Exception data includes objects that do not readily fit within one
of the knowledge design categories. The exception data can be dealt
with by a separate application that allows for the tagging and
depositing of odd data objects into the database by the rapid,
manual intervention of trained content experts. Exception data that
belongs and is deposited in the database then becomes part of the
object algorithm for future encounters with that data type
alleviating the need to deal with in manually in the future. An
average of 20% of all converted legacy data can initially be
exception data.
[0072] Following conversion of the legacy data 340, the user
interface can be implemented 350.
[0073] The "face" of the knowledge stream system, that is, the
interface of a knowledge stream system, is one of the aspects of
the system. To be effective, the knowledge stream system interface
design should facilitate human-machine interaction. Because
productivity is typically a function of tasks performed in a given
time frame, a software interface to a system that positively
affects productivity integrates ergonomic efficiency, ease-of-use
and bear the ability to provide information with almost flash card
expediency. The user can quickly and easily navigate the screens of
the system to maintain a pace of activity that augments, not
detracts from, the tasks they are to perform. The user interface
can include a Graphic User Interface capable of providing the
complete spectrum of media types--from simple text to full-motion
video. Additionally, the screen layout of the interface possesses a
well-designed "frame" orientation similar to how modern Internet
web pages are constructed. A frame-based interface allows for the
segmentation of the presentation area from the control and feedback
areas of each screen. In this way the users eyes become trained to
zero-in on pertinent screen areas. Through proper layout and
presentation data can be optimally accessed in a manner efficient
enough to maintain continuity of thought through the target process
or procedures.
[0074] The user interface allows the performance support
application to be voice-driven. The ability to voice drive the
software can exist on two levels. The software can react to short
command utterances for screen-to-screen navigation and can receive
and process natural language dictation for random notes and data
input. Systems that can be voice-driven allow a user to perform
multitasking. A user's hands and even eyes can be free to perform
tasks, and the worker can be removed from the constraining
"computer bubble" traditionally encountered with non-voice systems.
As a backup to voice, touch or pen input ability or other form of
manual input can be provided.
[0075] The user interface can integrate the components of the
knowledge Design: the Process Model, the Reference Information
Design Model and the Conceptual Support Model. It can also include
three screen design elements called the information frame,
navigation bar and status bar as will be discussed in further
detail below. It can integrate these components in such a fashion
that they exist in ergonomic harmony providing easy access to the
knowledge data.
[0076] When all of the above interface components are present, the
performance support interface can become a window or transparent
portal to the performance support information. The interface is
interactive and can allow the user to perform the task while
accessing the data. The user can request and retrieve information
without regard to or knowledge of the interface itself. The
performance support system can becomes virtually invisible and
users are able to experience performance support as if they are
actually interacting with a physical mentor guiding them through
their tasks.
[0077] From a physical layout perspective there are varieties of
viable template variations that will work. The user interface
typically includes: 1) the Process Model, 2) the Reference
Information Model, 3) the Conceptual Support Model, 4) the
information frame, 5) the navigation bar and 6) the status bar.

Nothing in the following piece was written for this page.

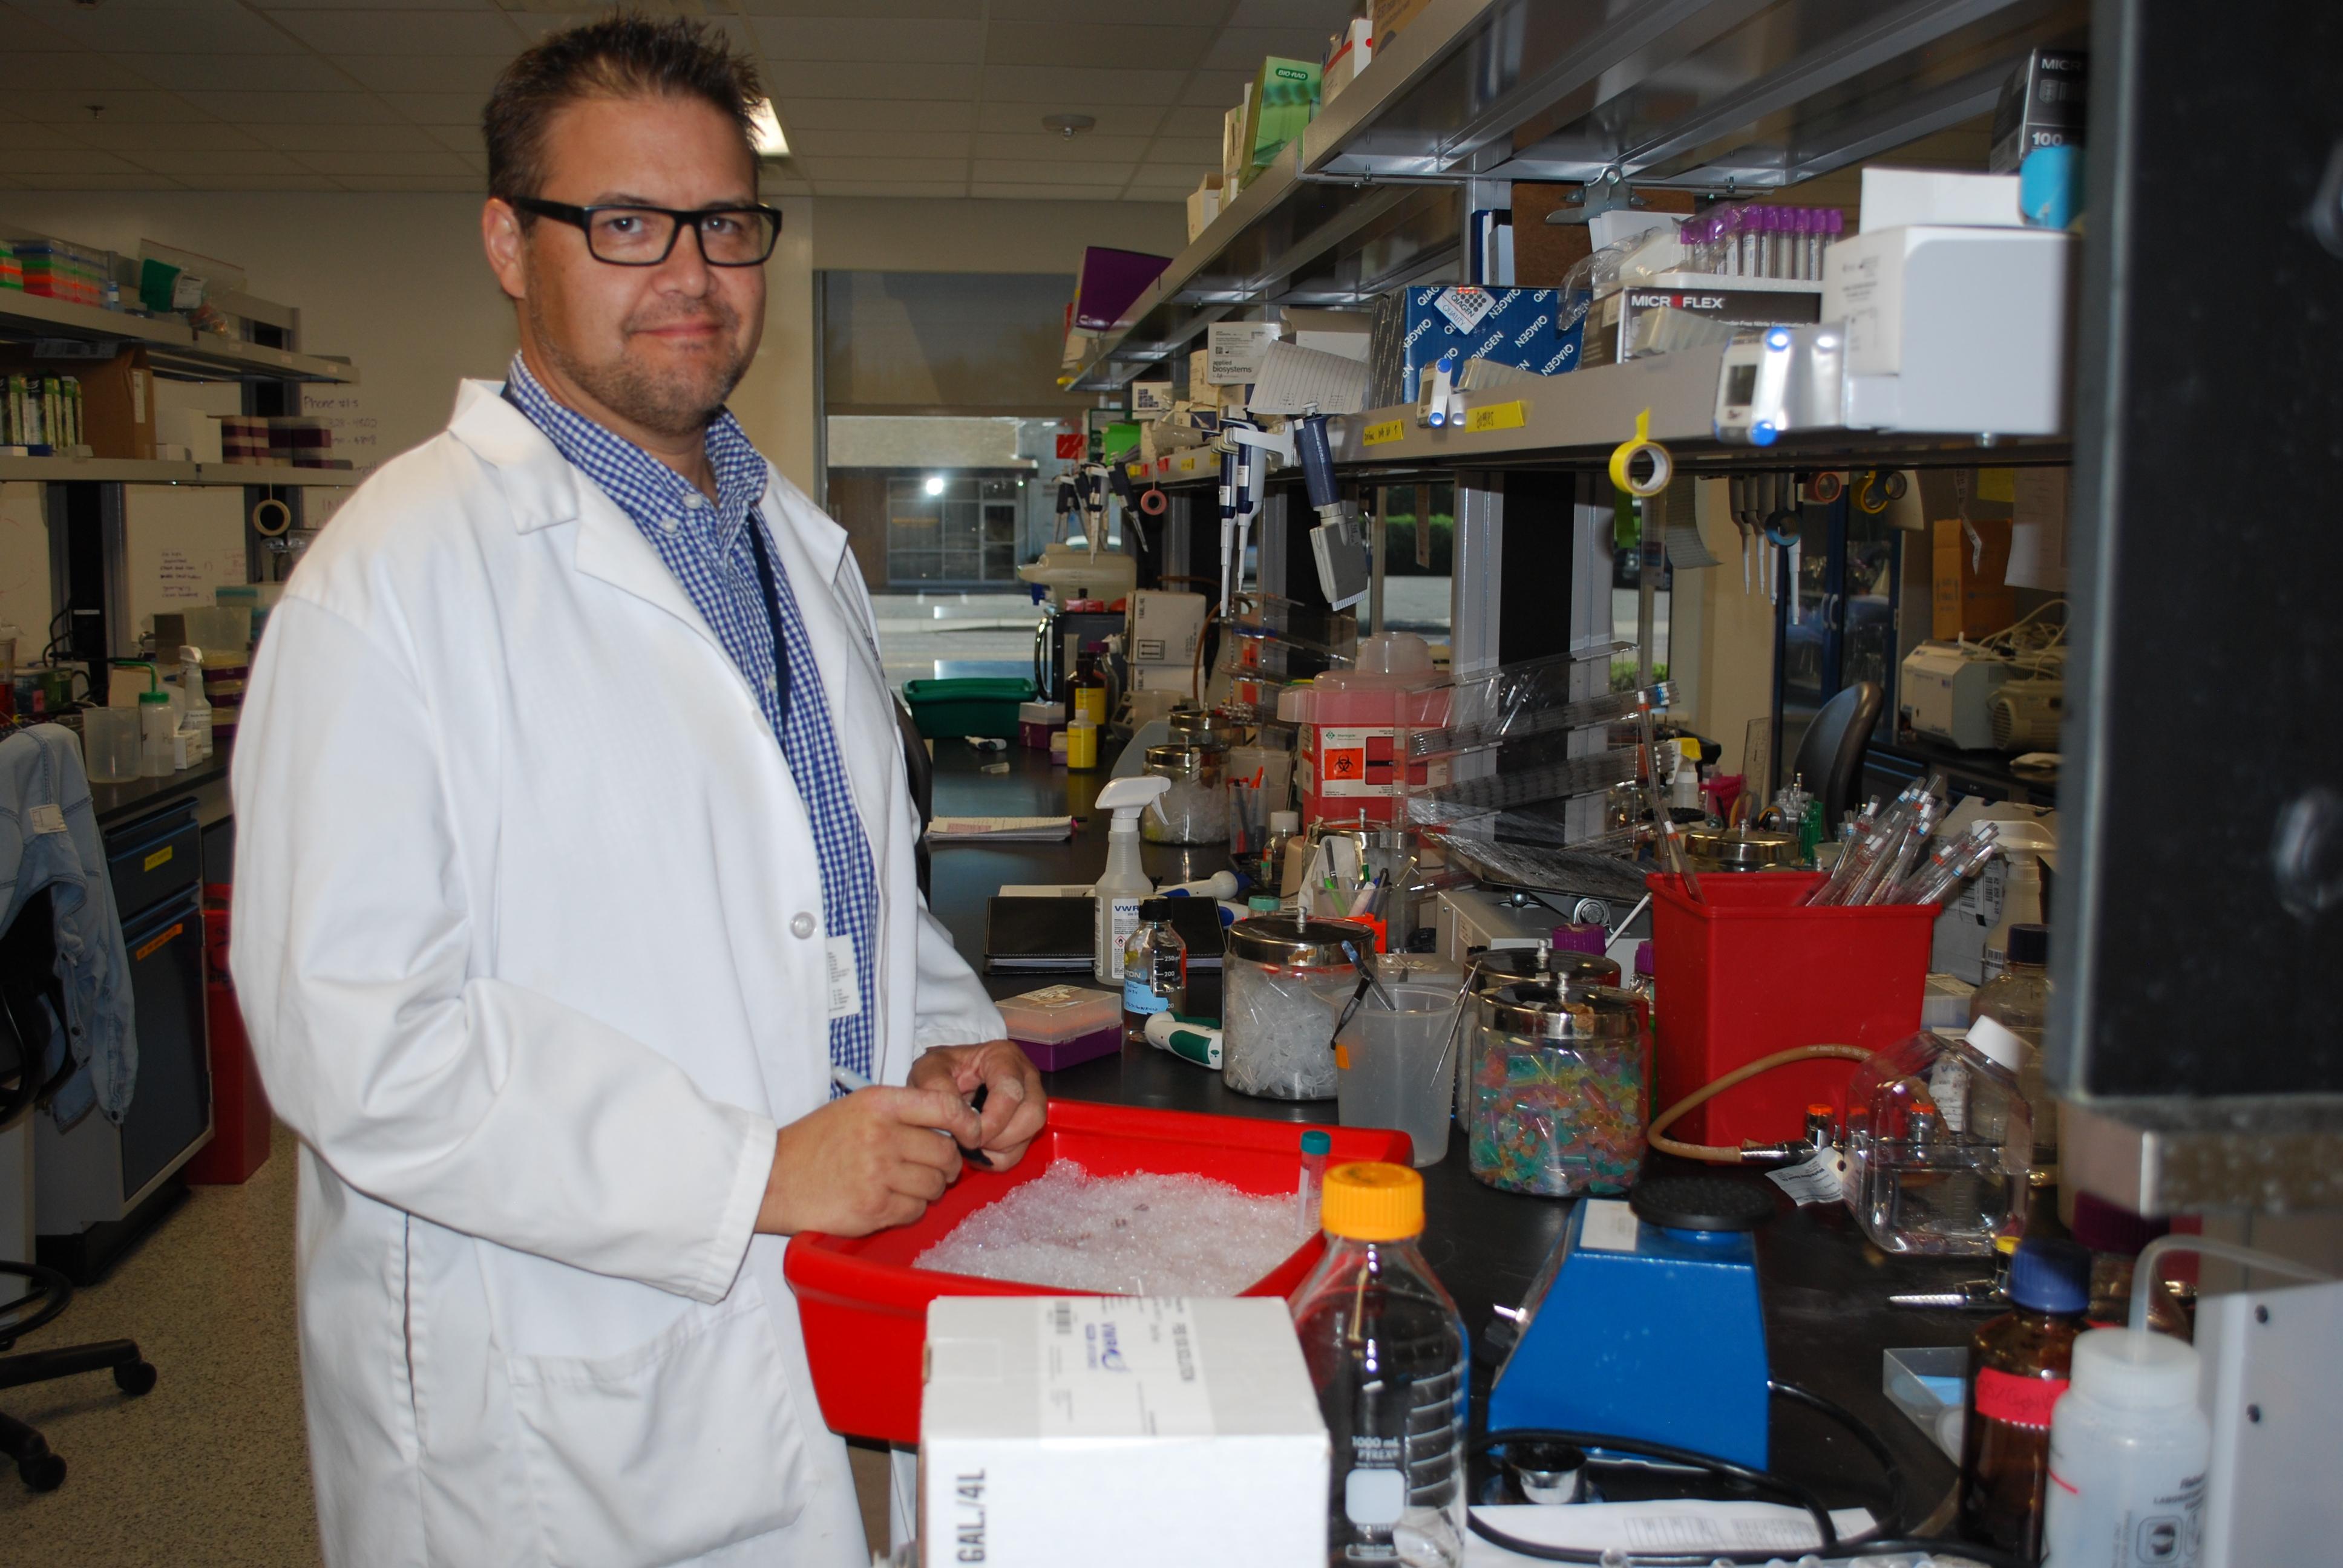 Landon Inge, researcher at NTI

[0078] In one embodiment, task-based information and guidance to be
displayed to the worker can be provided via a Web browser-equipped
display in an information frame. All elements within the frame can
be HTML-based. The information frame can include and display the
action sequences of the Process Model, the reference information
from the Reference Information Model, and the Conceptual Support
information. The information frame can be formatted to provide
quick absorption by the worker.
[0079] The sections of the information frame can be divided up into
zones that are each filled with distinct categories of information
that can be quickly discerned by the eyes of the worker. For
example, at the top of the display the worker sees the major
process category of work he or she is involved in. Just below that
the actual task at hand is displayed. Any notes or cautions
relative to the task can be provided below and highlighted in red
to catch the eye.
[0080] Task actions can be indicated by a purple arrow followed by
a question to be answered if the tasks are part of a diagnostic
sequence. Procedure assist sequences can differ in that the worker
may not be asked a question as a precipitator of further actions.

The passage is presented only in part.